START Exercise inputs

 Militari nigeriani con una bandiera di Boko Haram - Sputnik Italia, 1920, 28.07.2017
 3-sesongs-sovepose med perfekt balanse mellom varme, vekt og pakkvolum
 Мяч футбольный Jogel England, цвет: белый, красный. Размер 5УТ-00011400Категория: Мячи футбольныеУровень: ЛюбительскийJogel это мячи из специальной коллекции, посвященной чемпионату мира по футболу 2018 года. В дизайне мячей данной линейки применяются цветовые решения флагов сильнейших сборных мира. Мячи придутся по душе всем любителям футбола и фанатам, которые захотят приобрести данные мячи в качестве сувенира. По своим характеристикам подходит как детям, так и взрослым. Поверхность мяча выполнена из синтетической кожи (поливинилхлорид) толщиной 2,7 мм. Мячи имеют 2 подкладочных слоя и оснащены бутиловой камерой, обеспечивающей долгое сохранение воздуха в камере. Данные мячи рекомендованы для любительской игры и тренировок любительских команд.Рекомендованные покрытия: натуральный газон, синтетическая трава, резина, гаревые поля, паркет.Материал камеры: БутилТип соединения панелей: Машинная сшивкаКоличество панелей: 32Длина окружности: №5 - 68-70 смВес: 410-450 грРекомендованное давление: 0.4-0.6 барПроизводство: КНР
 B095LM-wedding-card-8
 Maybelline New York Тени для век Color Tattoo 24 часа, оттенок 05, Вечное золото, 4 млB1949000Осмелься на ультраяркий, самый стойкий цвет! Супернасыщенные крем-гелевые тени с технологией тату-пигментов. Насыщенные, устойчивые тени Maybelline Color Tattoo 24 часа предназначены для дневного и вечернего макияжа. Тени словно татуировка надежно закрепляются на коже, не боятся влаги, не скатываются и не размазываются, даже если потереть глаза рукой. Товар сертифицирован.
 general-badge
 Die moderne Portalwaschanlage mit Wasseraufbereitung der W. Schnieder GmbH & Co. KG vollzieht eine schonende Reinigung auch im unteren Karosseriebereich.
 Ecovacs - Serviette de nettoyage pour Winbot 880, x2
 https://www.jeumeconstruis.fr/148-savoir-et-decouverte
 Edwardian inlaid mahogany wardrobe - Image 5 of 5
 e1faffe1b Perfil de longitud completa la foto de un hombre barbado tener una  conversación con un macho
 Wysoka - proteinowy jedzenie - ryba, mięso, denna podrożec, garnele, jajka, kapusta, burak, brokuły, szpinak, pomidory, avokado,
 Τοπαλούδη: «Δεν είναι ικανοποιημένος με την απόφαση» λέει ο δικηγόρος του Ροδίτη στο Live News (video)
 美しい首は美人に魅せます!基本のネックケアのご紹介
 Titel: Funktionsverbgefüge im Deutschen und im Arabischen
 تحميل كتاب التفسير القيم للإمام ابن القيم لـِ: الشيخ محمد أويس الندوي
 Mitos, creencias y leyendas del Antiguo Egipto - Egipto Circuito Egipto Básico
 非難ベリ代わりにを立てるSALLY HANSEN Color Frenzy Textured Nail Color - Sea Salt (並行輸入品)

END Exercise inputs

All records shown above are to be reproduced without any alteration.

 Militari nigeriani con una bandiera di Boko Haram - Sputnik Italia, 1920, 28.07.2017
 3-sesongs-sovepose med perfekt balanse mellom varme, vekt og pakkvolum
 Мяч футбольный Jogel England, цвет: белый, красный. Размер 5УТ-00011400Категория: Мячи футбольныеУровень: ЛюбительскийJogel это мячи из специальной коллекции, посвященной чемпионату мира по футболу 2018 года. В дизайне мячей данной линейки применяются цветовые решения флагов сильнейших сборных мира. Мячи придутся по душе всем любителям футбола и фанатам, которые захотят приобрести данные мячи в качестве сувенира. По своим характеристикам подходит как детям, так и взрослым. Поверхность мяча выполнена из синтетической кожи (поливинилхлорид) толщиной 2,7 мм. Мячи имеют 2 подкладочных слоя и оснащены бутиловой камерой, обеспечивающей долгое сохранение воздуха в камере. Данные мячи рекомендованы для любительской игры и тренировок любительских команд.Рекомендованные покрытия: натуральный газон, синтетическая трава, резина, гаревые поля, паркет.Материал камеры: БутилТип соединения панелей: Машинная сшивкаКоличество панелей: 32Длина окружности: №5 - 68-70 смВес: 410-450 грРекомендованное давление: 0.4-0.6 барПроизводство: КНР
 B095LM-wedding-card-8
 Maybelline New York Тени для век Color Tattoo 24 часа, оттенок 05, Вечное золото, 4 млB1949000Осмелься на ультраяркий, самый стойкий цвет! Супернасыщенные крем-гелевые тени с технологией тату-пигментов. Насыщенные, устойчивые тени Maybelline Color Tattoo 24 часа предназначены для дневного и вечернего макияжа. Тени словно татуировка надежно закрепляются на коже, не боятся влаги, не скатываются и не размазываются, даже если потереть глаза рукой. Товар сертифицирован.
 general-badge
 Die moderne Portalwaschanlage mit Wasseraufbereitung der W. Schnieder GmbH & Co. KG vollzieht eine schonende Reinigung auch im unteren Karosseriebereich.
 Ecovacs - Serviette de nettoyage pour Winbot 880, x2
 https://www.jeumeconstruis.fr/148-savoir-et-decouverte
 Edwardian inlaid mahogany wardrobe - Image 5 of 5
 e1faffe1b Perfil de longitud completa la foto de un hombre barbado tener una  conversación con un macho
 Wysoka - proteinowy jedzenie - ryba, mięso, denna podrożec, garnele, jajka, kapusta, burak, brokuły, szpinak, pomidory, avokado,
 Τοπαλούδη: «Δεν είναι ικανοποιημένος με την απόφαση» λέει ο δικηγόρος του Ροδίτη στο Live News (video)
 美しい首は美人に魅せます!基本のネックケアのご紹介
 Titel: Funktionsverbgefüge im Deutschen und im Arabischen
 تحميل كتاب التفسير القيم للإمام ابن القيم لـِ: الشيخ محمد أويس الندوي
 Mitos, creencias y leyendas del Antiguo Egipto - Egipto Circuito Egipto Básico
 非難ベリ代わりにを立てるSALLY HANSEN Color Frenzy Textured Nail Color - Sea Salt (並行輸入品)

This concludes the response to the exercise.